When Gabriel was small and we lived downstate, I’d take him grocery shopping with me. Mostly this consisted of frenzied trips to Whole Foods where I’d virtually run through the aisles so I could get all the stuff we needed before he lost his shit and I had to abandon my cart (yes, I have done that, but before you judge, I took it to customer service, I’m not a heathen). I remember these times vividly because they were always, always punctuated by older women (and sometimes men) gawking at my son and saying in a cheerfully irritating tone “enjoy every second, it goes so fast.” And I’d always think: “what the fuck is that lady thinking? Did she not just see him throw a fit in produce?
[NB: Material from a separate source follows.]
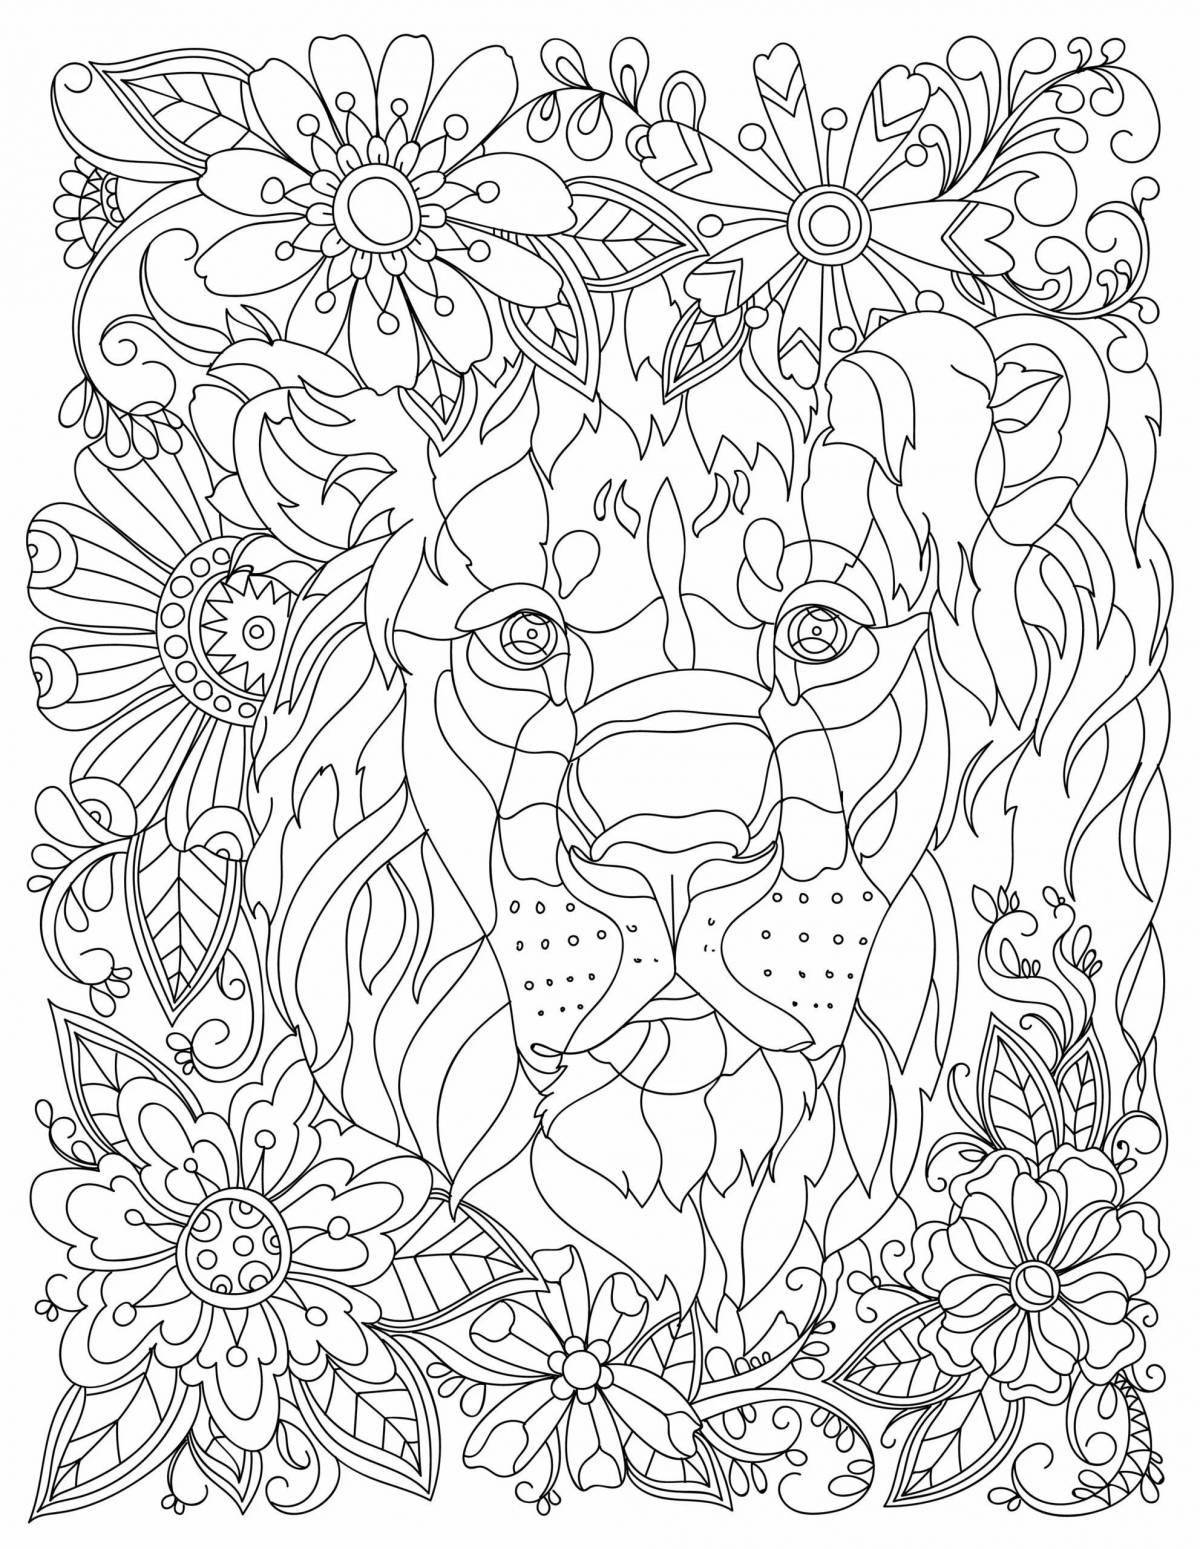 Anxiety coloring book for children

If she didn’t see it, she MUST have felt it, because it was a definite 10 on the screaming toddler Richter scale.” I cannot tell you how angry this used to make me. I never showed it, of course. I’d just nod my unwashed, sleep-deprived head and say “yeah” and wander into the checkout line cursing her and everyone else who dared to tell me to “enjoy every second” when clearly, I was in hell.
In case you’re wondering, I did not “enjoy every second.” Raising kids is hard, thankless work. Have you ever gotten groceries with a toddler? One time Sebastian laid down in the middle of the baking ingredient aisle the night before thanksgiving. Have you ever been in the baking ingredient aisle on the night before thanksgiving? Everyone in the surrounding 5 counties is there looking for evaporated milk and they will step on your toddler to get it. And after they’ve stepped on him, they’ll curse you for putting them in a situation where they had to do it in the first place. But to a toddler, that is the perfect time to pretend to be swimming on the floor. And there was the time he snatched that perfect purple heirloom tomato off the display and ran for the freezer section like his pants were on fire. Cue me casually walking after him like I had the whole situation under control when I most certainly did not. So no, I can’t say I even know how to “enjoy every second” because not every second is enjoyable.
I often wondered where that sentiment came from. Isn’t that the basis of all our problems as parents? That we should love it all? That if we don’t, we’re somehow flawed? I mean, it used to really get to me. Am I broken? Why can’t I enjoy every second? What am I missing here? I felt that maybe, just maybe there was something wrong with me. That gratitude did not come easily to me, I was too stuck in the actuality of raising kids. Too stuck in the endless days that pushed ever onward into long, sleepless nights. Too stuck in the nap routine that made me feel chained to my house every day at 1pm. Too stuck in the spiral of when is this going to get easier and if it doesn’t get easier, when am I going to get better at it so it can get easier?
Fast forward 13 years and Gabriel is shaving. And now it’s starting to make just a little bit of sense. How did I end up with a teenager who shaves? Where did the time go? And where is that toddler who ran to me with open arms, face lit up like a Christmas tree every time I came into the room? Where is the kid whose nose turned orange because he ate so many carrots and sweet potatoes? Where was the kid who screamed when I wouldn’t let him have an apple to gnaw on and get all sticky with while I was shopping at Whole Foods? That kid is taller than me now and only reluctantly gives me hugs when I ask for them. No, I did not enjoy every second, but I wonder all the time where all the seconds went. I’m going to blink three times and he’ll be driving away in a car, headed off on adventures that I won’t be a part of. I’m not going to lie, the thought of that breaks my heart more than a little bit.
So, if you see me smiling at a kid in the grocery store, know that I will never, ever tell that poor mom (or dad) to enjoy every second. It’s just not a fair burden to place on anyone. But you bet your ass I’m going to go home and do my best to drink in every single moment I have left with my kids. Because time does in fact fly and I’m going to enjoy every second.